▸ Data block:
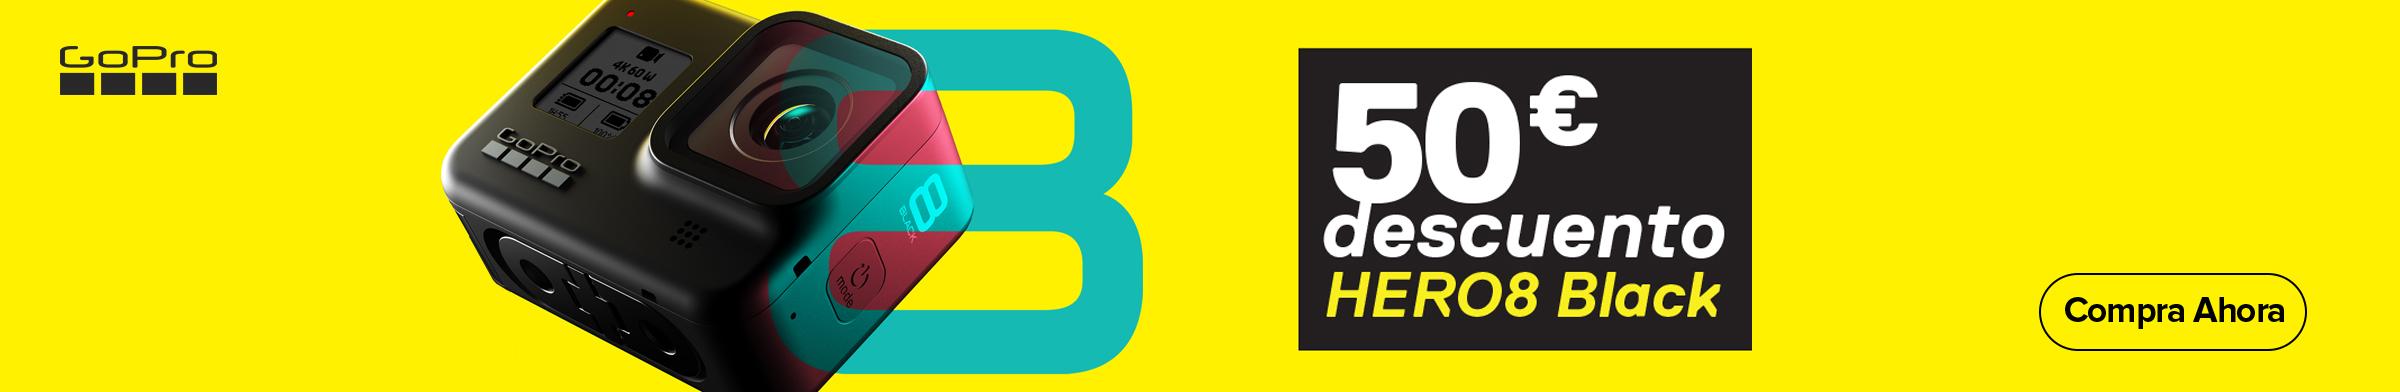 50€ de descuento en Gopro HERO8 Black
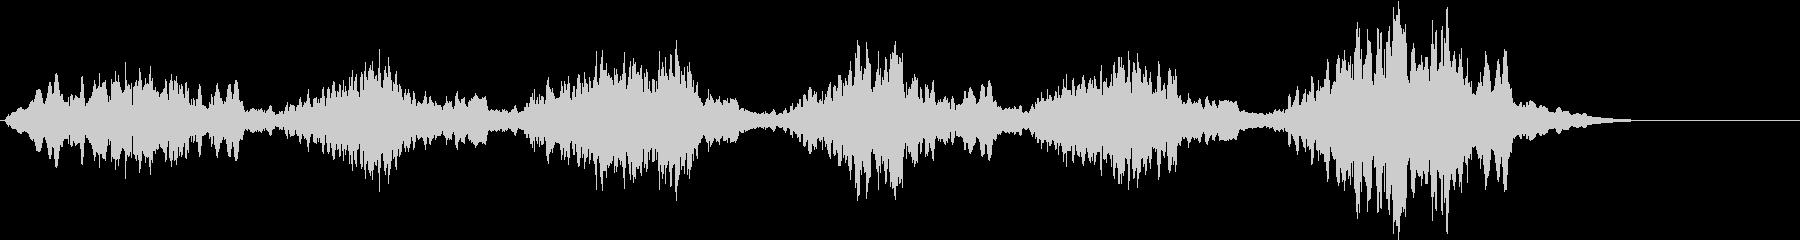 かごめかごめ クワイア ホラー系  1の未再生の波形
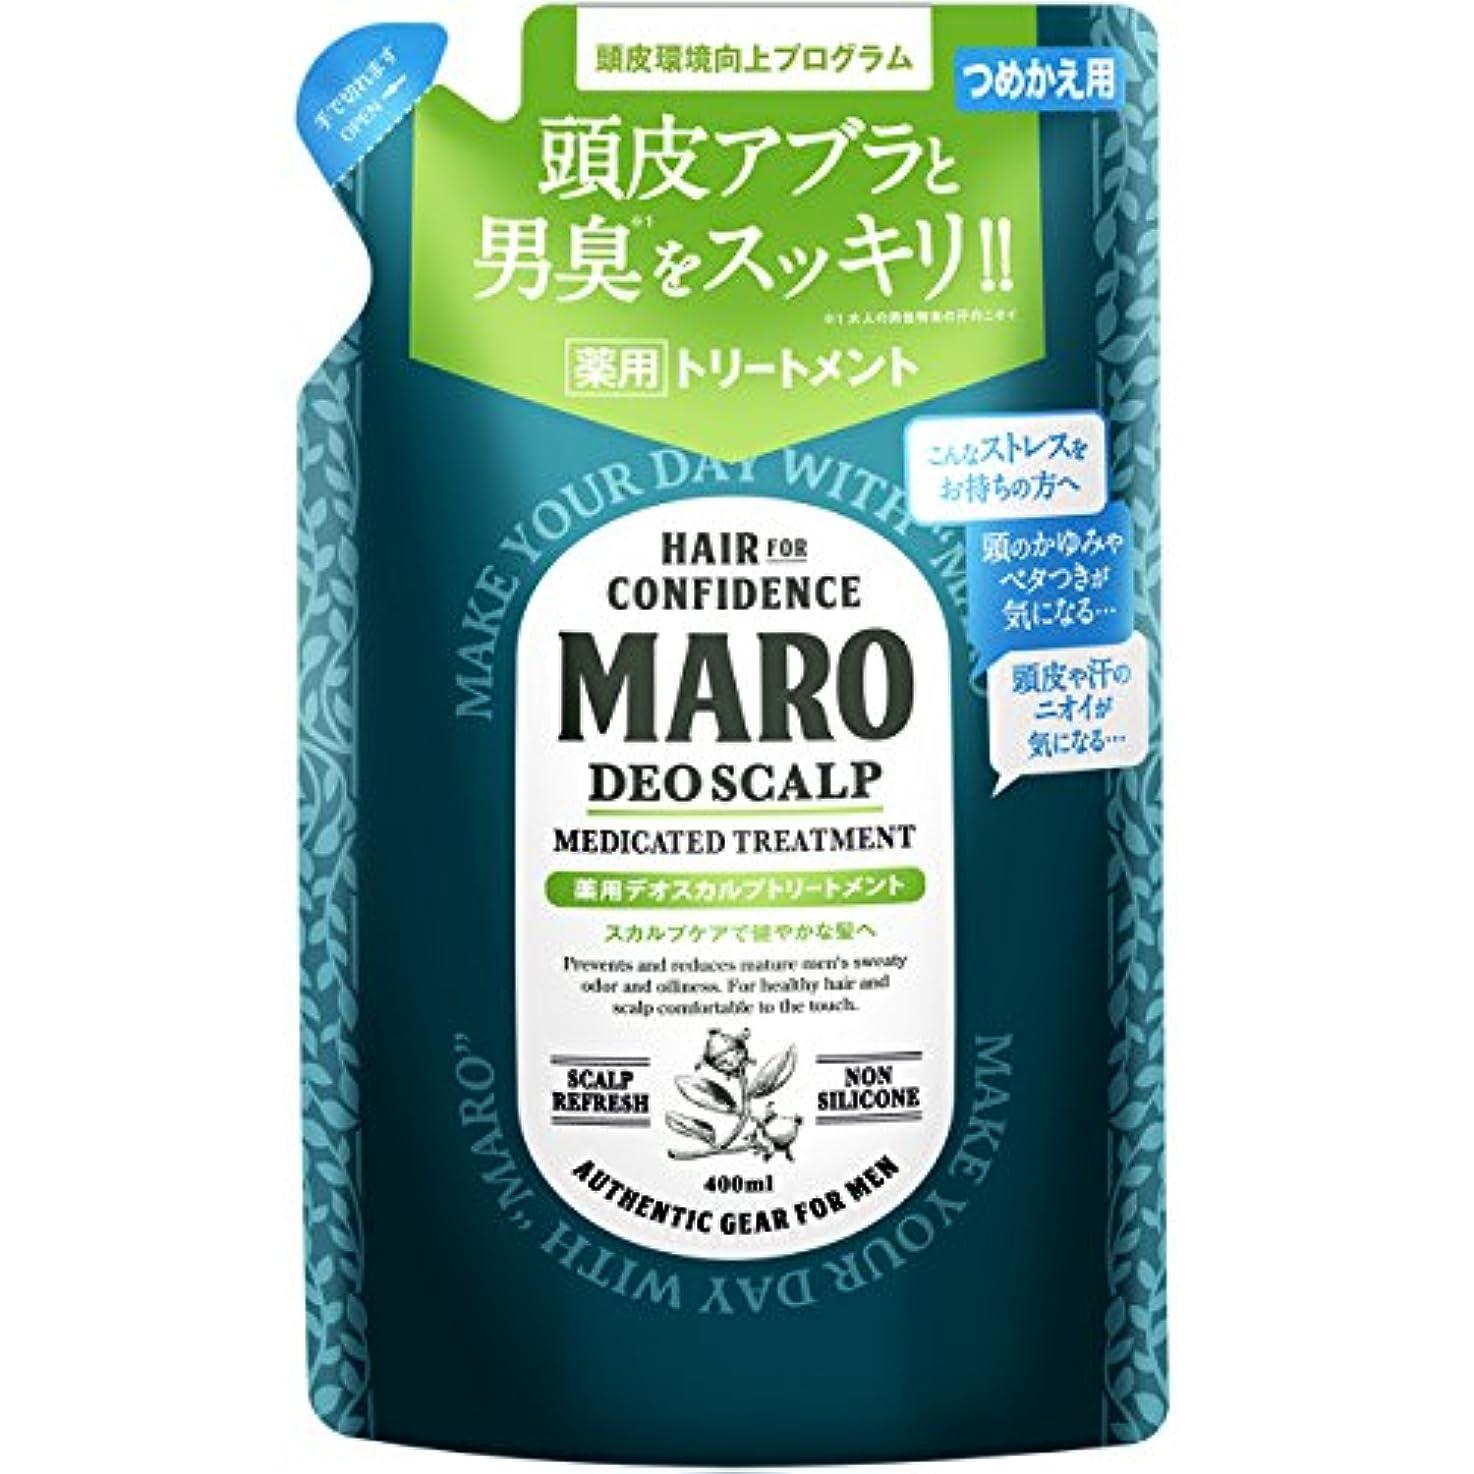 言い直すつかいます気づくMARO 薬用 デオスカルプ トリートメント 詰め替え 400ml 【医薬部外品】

▸ Task prompt:
Give back the whole listing exactly as written. Do not include any picture.

▸ Solution for this problem:
 50€ de descuento en Gopro HERO8 Black
 かごめかごめ クワイア ホラー系  1の未再生の波形
 言い直すつかいます気づくMARO 薬用 デオスカルプ トリートメント 詰め替え 400ml 【医薬部外品】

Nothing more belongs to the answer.